Aqueous extract of Icacina senegalensis exhibited strong antibacterial potential compared to methanol extract. The activity of both extracts showed a concentration dependent inhibitory effect on all the organisms tested. More so, the very high significant antibacterial activity shown by the extracts is beneficial as it indicates probably the emergency of a new antibiotic with such a wide spectrum of activity. In addition, the fact that treatment of infection caused by bacteria such as S. aureus, S. marcescens, P. aeruginosa, S. typhi, Shigella spp. and E. coli, are increasingly becoming difficult further strengthens the importance of these findings and the need for a continuous search for chemotherapeutic agents.
Apart from antimicrobial activities, the leave extract are also exploited for therapeutic purpose to cure several disorders. The leaf extracts of Icacina senegalenses was found to possess antimalarial and anthyperglycemic activities (Sarr et al., 2011; N’diaye et al., 2008).
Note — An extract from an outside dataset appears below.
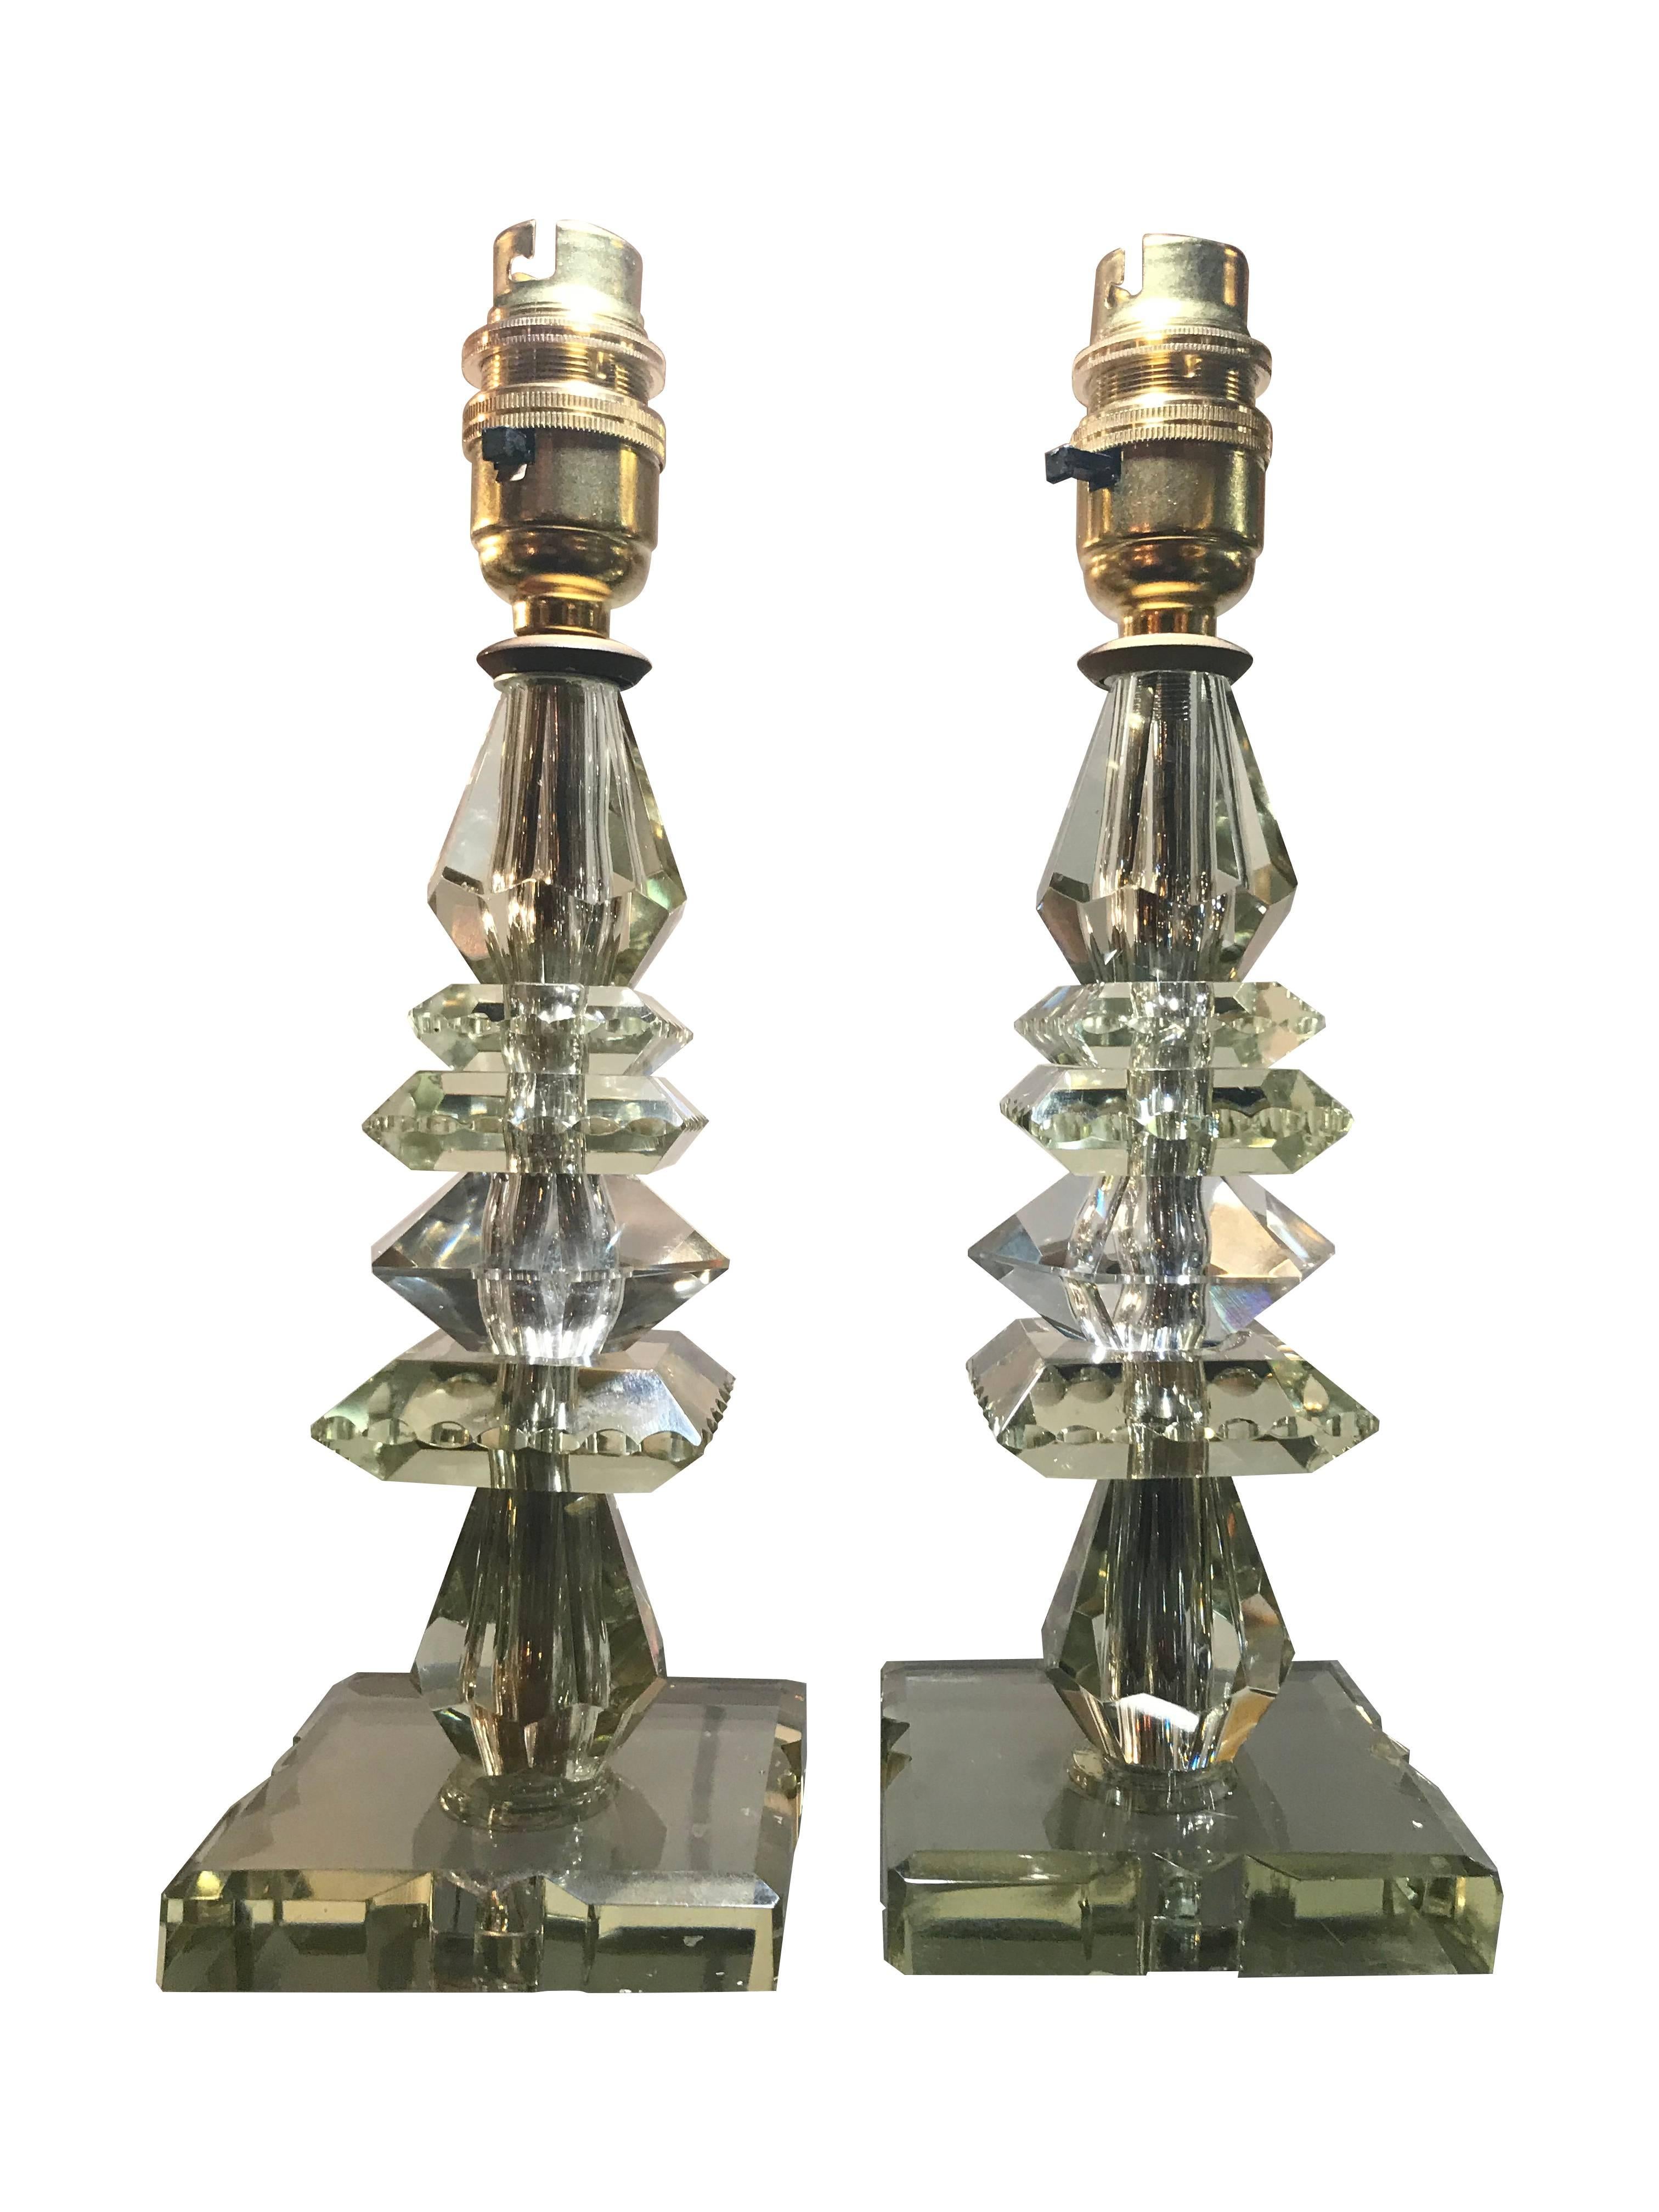 A pair of 1930s French green crystal glass lamps with brass fittings, re-wired and pat tested with antique silver cord flex.

Recently, attention has been directed towards extracts and biologically active compounds isolated from medicinal plants. More so, the use of medicinal plants plays a vital role in covering the basic health needs in developing countries and these plants may offer a new source of antibacterial, antifungal and antiviral agents with significant activity against infective microorganisms (Kumar et al., 2012).
The results of the present investigation clearly reveal the antibacterial importance of Icacina senegalensis leaf extracts and suggests that this plant could be exploited in the management of diseases caused by the bacteria in human. The bioassay-guided fractionation and further characterization of the active principles responsible for the antibacterial potential of the plant is underway in our laboratory.
ACKNOWLEDGMENT
The authors are grateful to Mr. Frank I. Apejoye of the Department of Botany, University of Calabar, Nigeria for his botanical assistance.